- The Washington Times - Tuesday, May 12, 2026

The U.S.-Iran war has reshuffled the Middle East in ways Washington is only beginning to reckon with, sparking a new era of regional geopolitical rivalries at a moment when Iran’s military and its proxies have been knocked off balance.

Israel and Turkey, both key U.S. allies, are accelerating a struggle for regional dominance that has the two longtime antagonists already butting heads from Syria to the Horn of Africa.

With Iran’s military degraded and its economy imploding, the stakes of a new superheated Israeli-Turkish rivalry are soaring.



Some prominent Israelis and pro-Israel voices in the West are working to cast Turkey as a dangerous emerging Islamic power, one that could potentially step into Iran’s role as a terror sponsor as Iran rebuilds.

“A new Turkish threat is emerging … Turkey is the new Iran,” former Israeli Prime Minister Naftali Bennett said in February.

Ankara, meanwhile, has increasingly raised concerns, especially in recent weeks, that Israel is using the war against Iran to justify expansionist designs across the region.
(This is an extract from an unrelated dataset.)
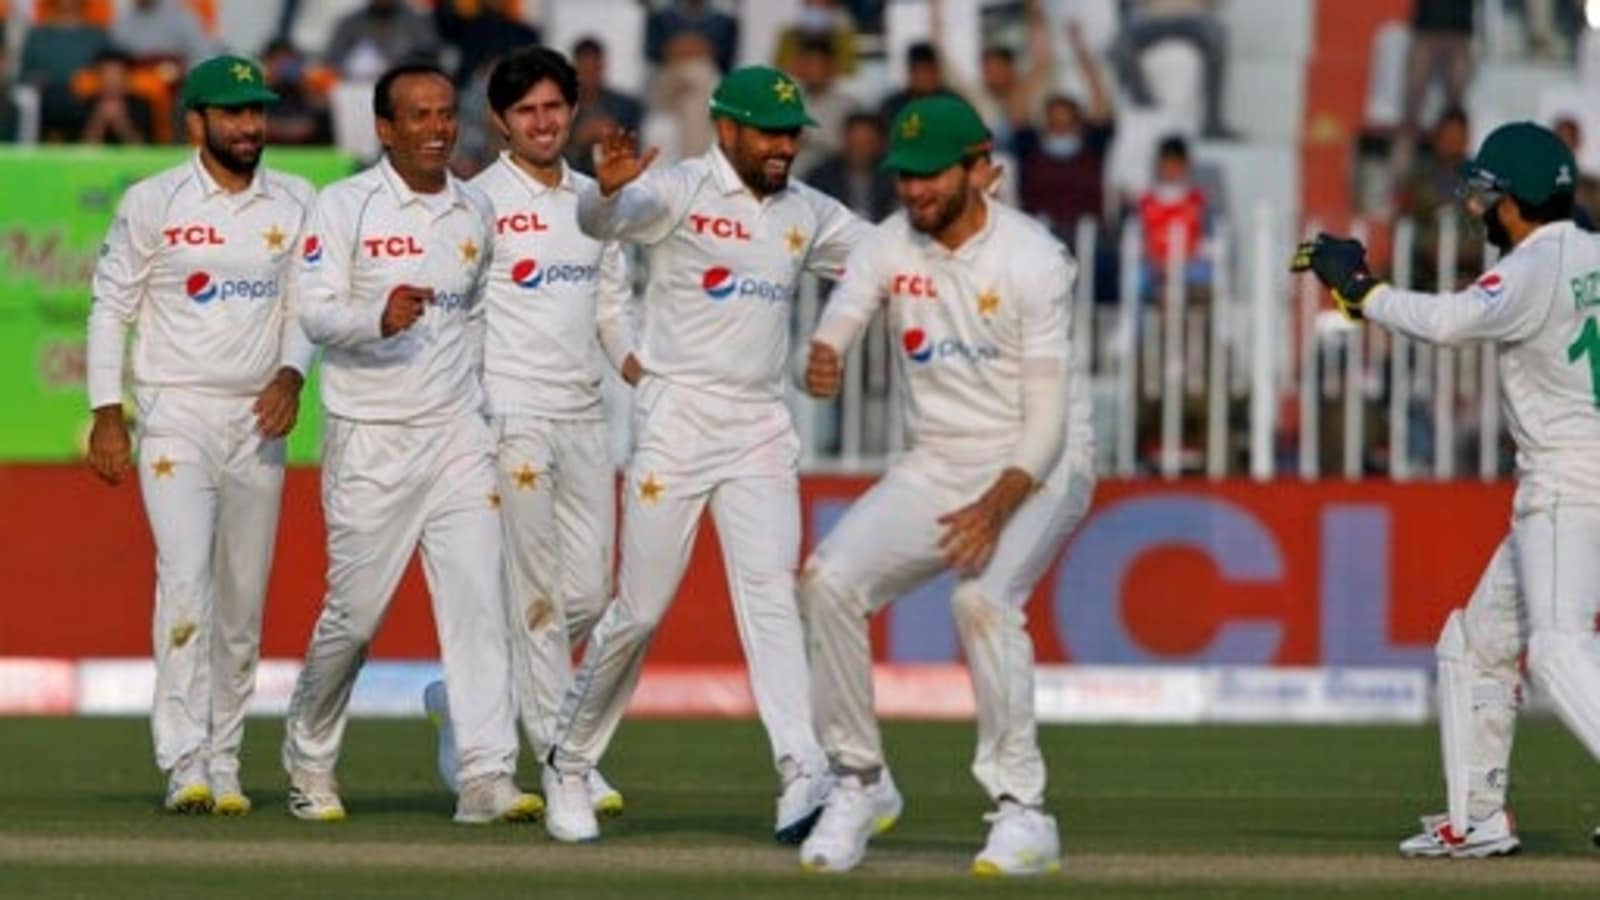 Pakistan vs Australia Live Score, 1st Test Day 5 Live updates from Rawalpindi Cricket

“We are deeply saddened and concerned by the U.S.-Israeli attacks launched against our neighbour Iran as a result of Netanyahu’s provocations,” Turkey’s President Recep Tayyip Erdogan wrote in a statement in February. “We deplore this morning’s attacks, which not only constitute a clear violation of Iran’s sovereignty but also target the peace and well-being of the friendly and brotherly people of Iran.”

Rhetorical clashes between Israeli and Turkish leaders have intensified since the current U.S.-Israel military assault against Iran began on Feb. 28, underscoring Ankara’s ambition to emerge from the conflict as a regional leader and Jerusalem’s push to convince Washington that the Erdogan government cannot be trusted.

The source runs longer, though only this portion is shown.